Ultimately, we assure ourselves the results are the same
by relying on our developers and our code reviewers. This is
a one-time change per-spec and coming up with a more
elaborate process would be over-engineering a solution IMO.
It's a one time change that is critical to the long term health of
Jakarta EE.
There's tens of thousands of tests, many of which are run in
multiple configurations, resulting in many tens of thousands of test
cases. I'd like to believe the community will do the same careful
conversion and review that you've done, but I'm skeptical. It's a
huge task that doesn't scale well.
3)
[From the meeting minutes] Requirement – allow
the use of the existing TCK tests themselves. If
all of the TCK tests need to be modified just to
become part of this new infrastructure, the
process will die. We need the ability to
incorporate existing TCK tests.
>
The conversion can be done on a spec-by-spec
case. For example, everything would work fine if
just JSON-B migrated to the "external TCK" way
and all other specs remained as-is. Also, the
conversion could be all-in-one or partial. For
JSON-B I did an all-in-one conversion, meaning I
took _all_ existing TCK tests and converted them
to Arquillian+JUnit so now JSON-B TCK tests
don't use JavaTest at all. Personally I think
per-spec all-in-one conversion is best so there
is only ever 1 framework per spec, but each spec
could have the flexibility to do what they
want.
This is the process that the notes claim will die.

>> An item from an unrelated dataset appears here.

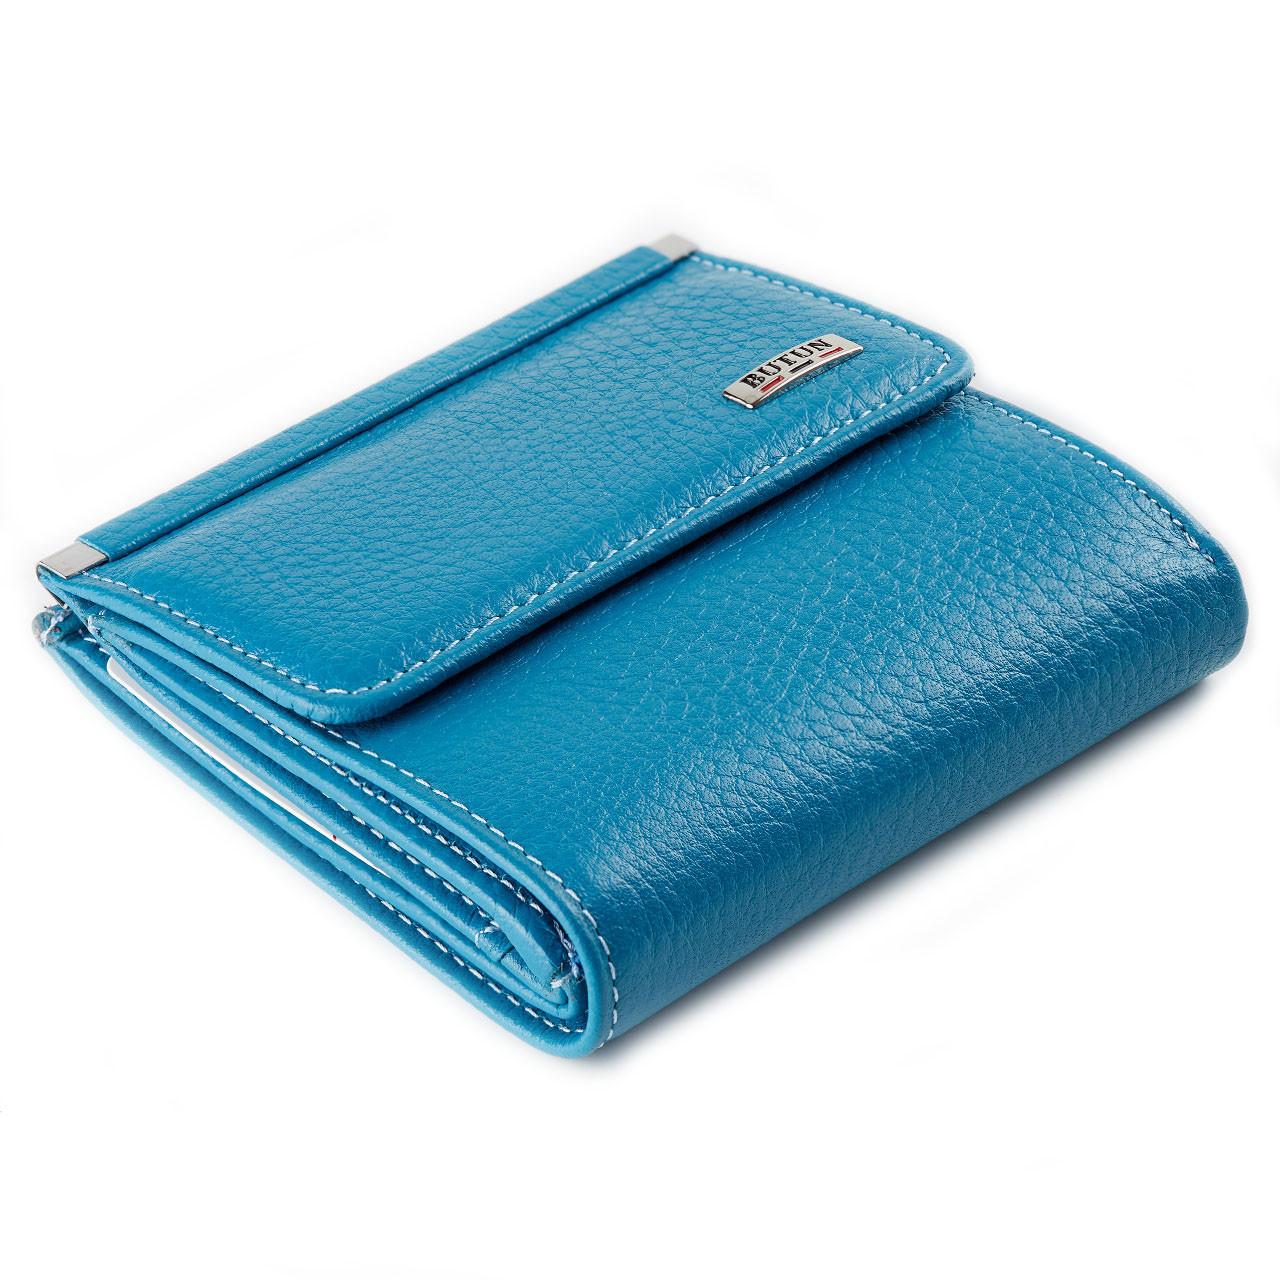 Женский кошелек Butun 590-004-050 кожаный бирюзовый

Depending on each spec project to convert all of their
tests to a new framework just won't happen. You might end
up with 10 specs fully converted and 27 specs still using
the old framework. If old and new can coexist, that might
be fine. Even if we had to run two completely separate
TCK frameworks, that might be acceptable. I'd like to
hear what others think about this entire process of
converting tests to a new framework, whether it needs to
be done automatically, whether it can be done manually and
incrementally, etc.
Yes, 10 specs could convert to the new way and 27 specs
could stay with the old framework and that would be
perfectly fine. IMO That's a win-win because the 10 specs
that took the time to convert get the quality-of-life boost
that comes with the decoupled/modernized and the 27 specs
that stayed with the old way continue on with business as
usual.
I think that's a perfectly valid discussion to have with the
community to see if they would accept that outcome.
I'd love to see something approaching a "design spec" that describes
how you think this would work. Not just hand waving and "go look at
my code", but an actual document with English text that describes
all the components, how they fit together, how a user would use
them, how a developer would add a test suite, etc. Not at low level
detail but maybe 10 - 20 pages of medium level description.
Is that something you, or someone else, could write based on what
you've done so far? Or do you need to do more experimentation to
learn enough to write such a document?